The Australian F3D team prepare themselves for competition at the 2011 F3D RC Air Racing World Championships.
The Australian F3D team prepare themselves for competition at the 2011 F3D RC Air Racing World Championships. Max Fleet

IT has been hailed as the “Formula 1 of plane racing” and over the next four days, fleets of model aircraft will take to the skies, reaching lightning speeds of 360kmh.

The Bundaberg Aeromodellers Club is hosting the 2011 F3D RC Air Racing World Championships, with competitors flocking to the rum city from countries including Brazil, France and the Netherlands.

Australian Miniature Pylon Racing Association president Chris Watt said there were about 50 pilots from 17 different countries who had come to compete.
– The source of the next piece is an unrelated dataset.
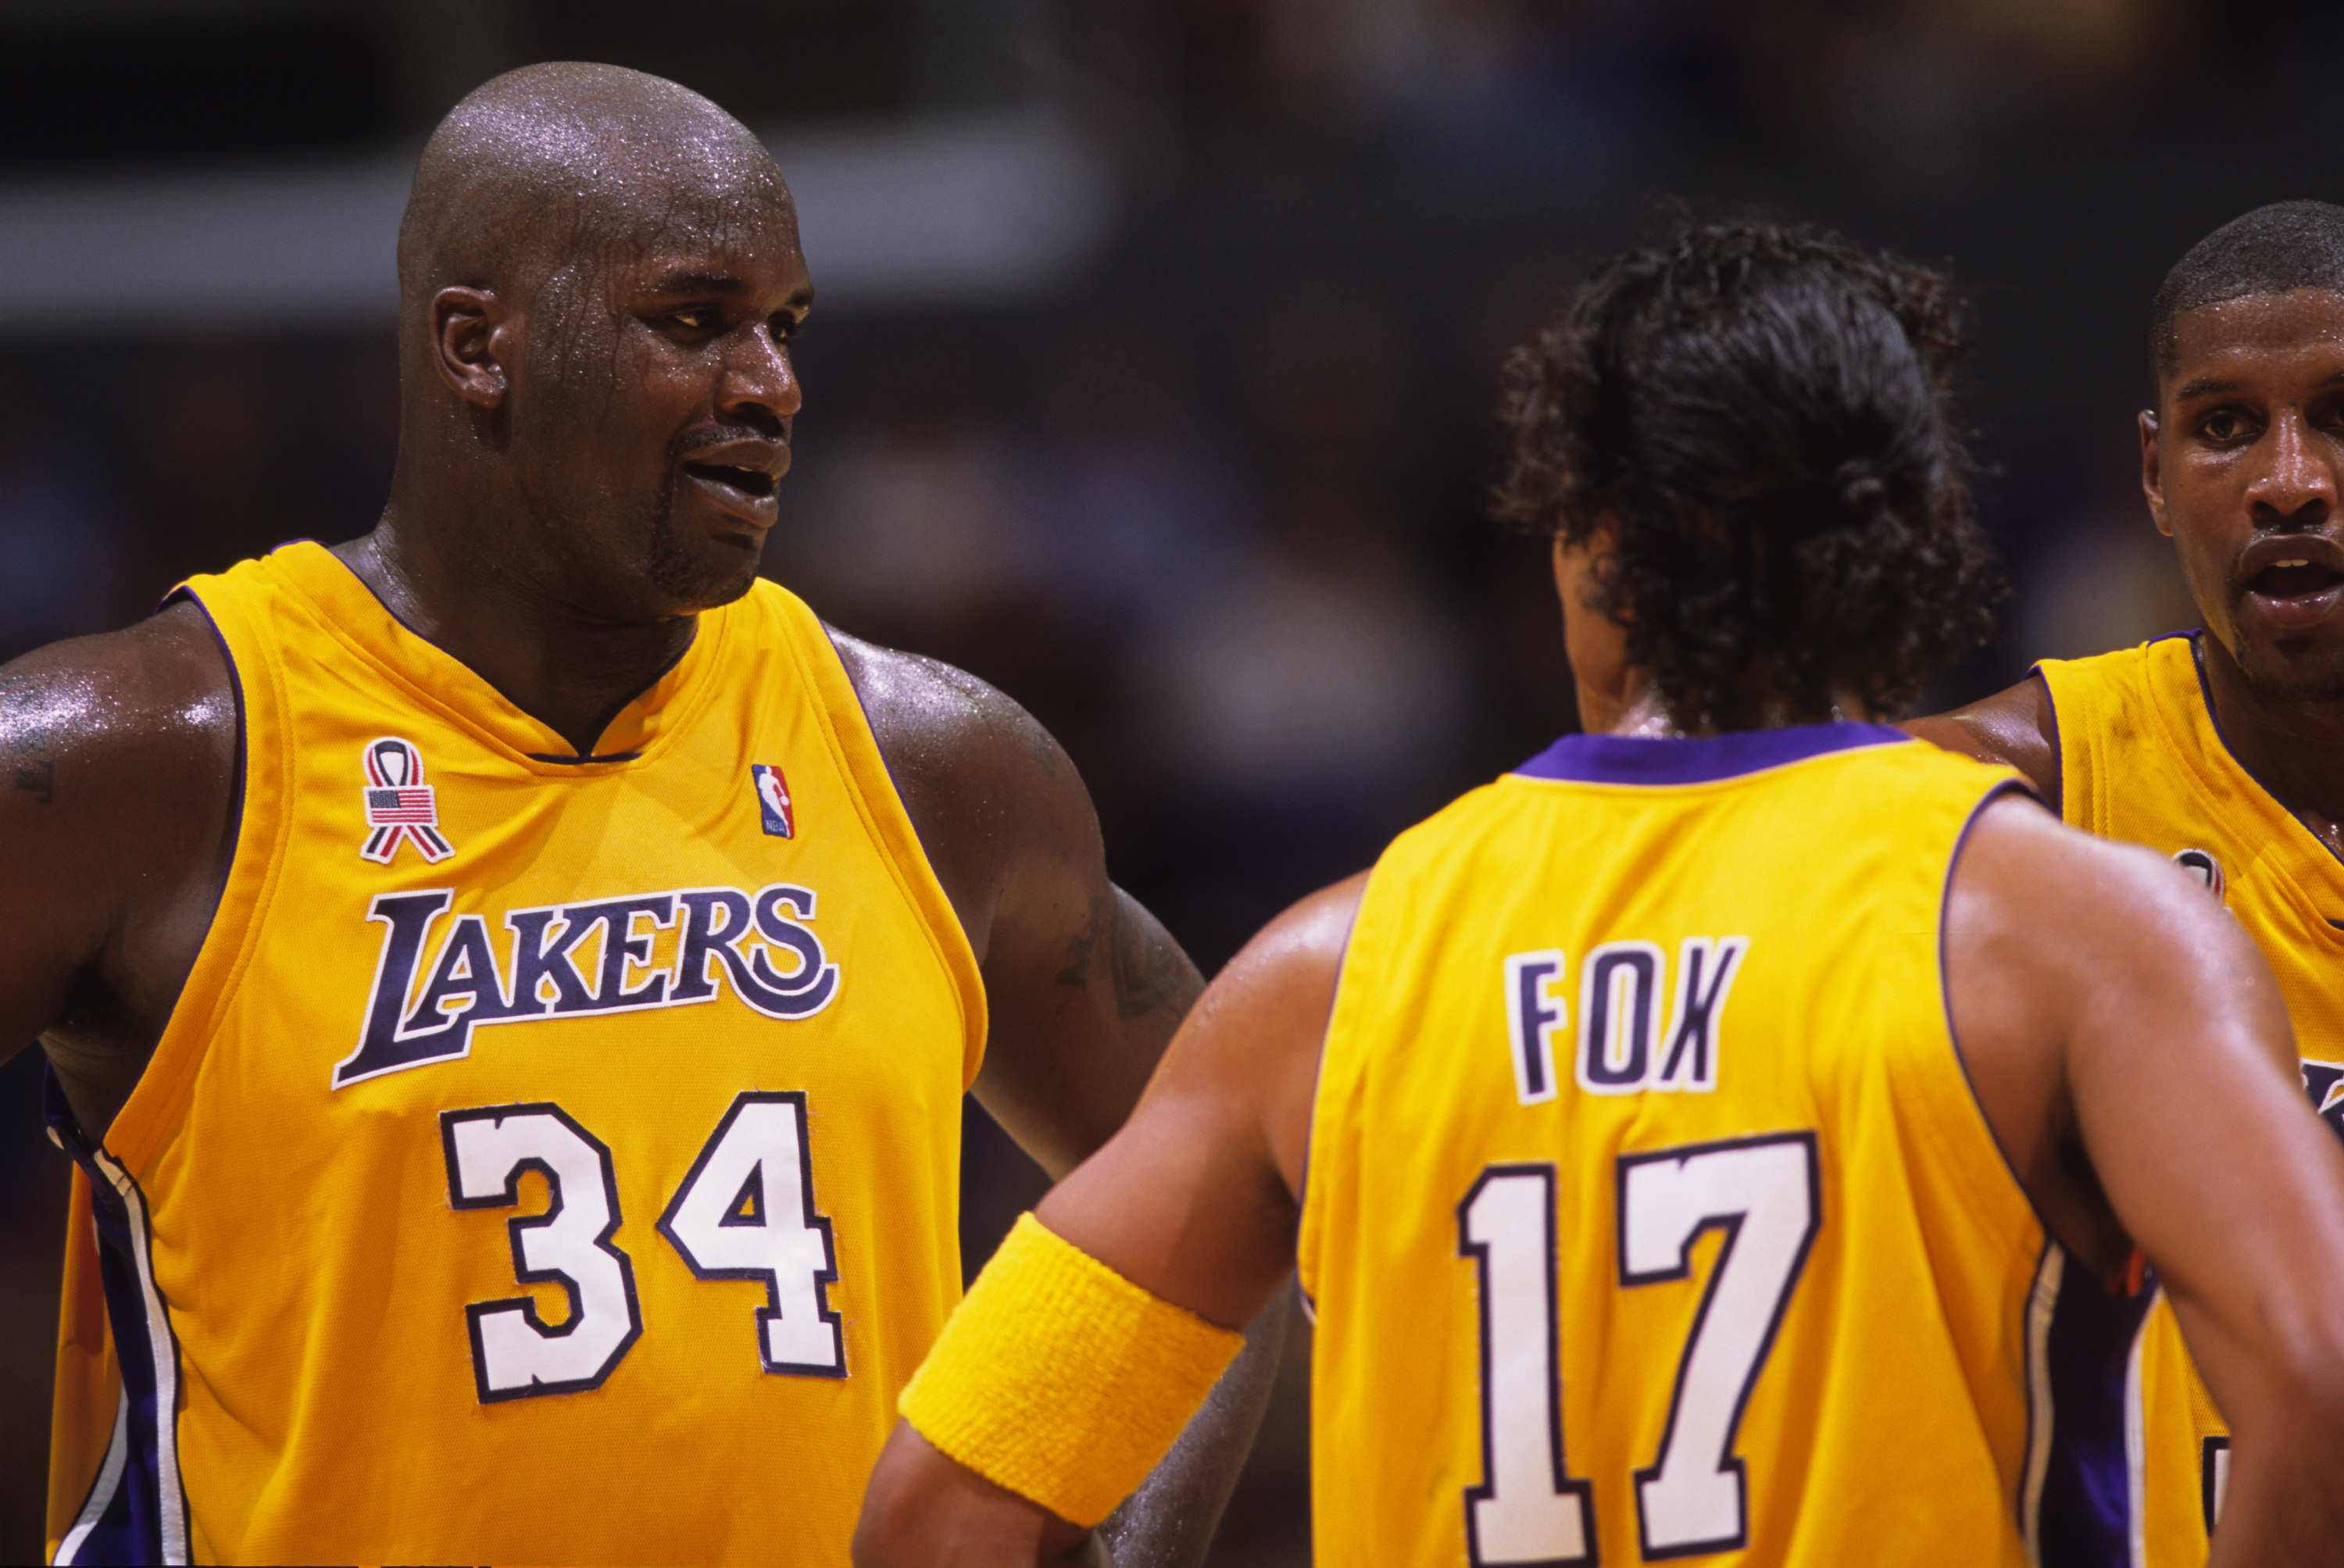 Shaquille O'Neal talks to former Lakers teammate Rick Fox

“Competitors complete 10 laps of the triangle course, which is in excess of 4km flown,” he said.

“Three competitors fly at a time with the planes doing up to 360kmh in what can only be described as a blinding flash.”

Mr Watt said the current world record time stood at 56.66 seconds.

“It can come down to as little as 0.1 of a second,” he said.

The president said holding the championships in Bundaberg for the second time in 10 years was a coup for the community.

“In Bundaberg this week, we’ve got 200 guests from overseas bringing lots of dollars to spend,” Mr Watt said.

Dynamic Dutch duo and current world reigning champions Robbert Van Den Bosch and Peter Van Doesburg have come to defend their title – and they’re not willing to give it away just yet.

“We just fly very well – we have a very good understanding as a team and we have perfect materials,” Mr Van Den Bosch said.

“All of our facets are spot on.”

But it won’t stop the Aussie team, led by team manager Mick Dallman, from having a shot at the title.

“We’re in with a good chance – we had a few mishaps but we have our back up equipment,” he said.

“We’re lucky it’s in our own country.”

The team is confident of a win but admits it would be “very hard fought”.

“In practice, no one was showing how well the other was doing,” he said.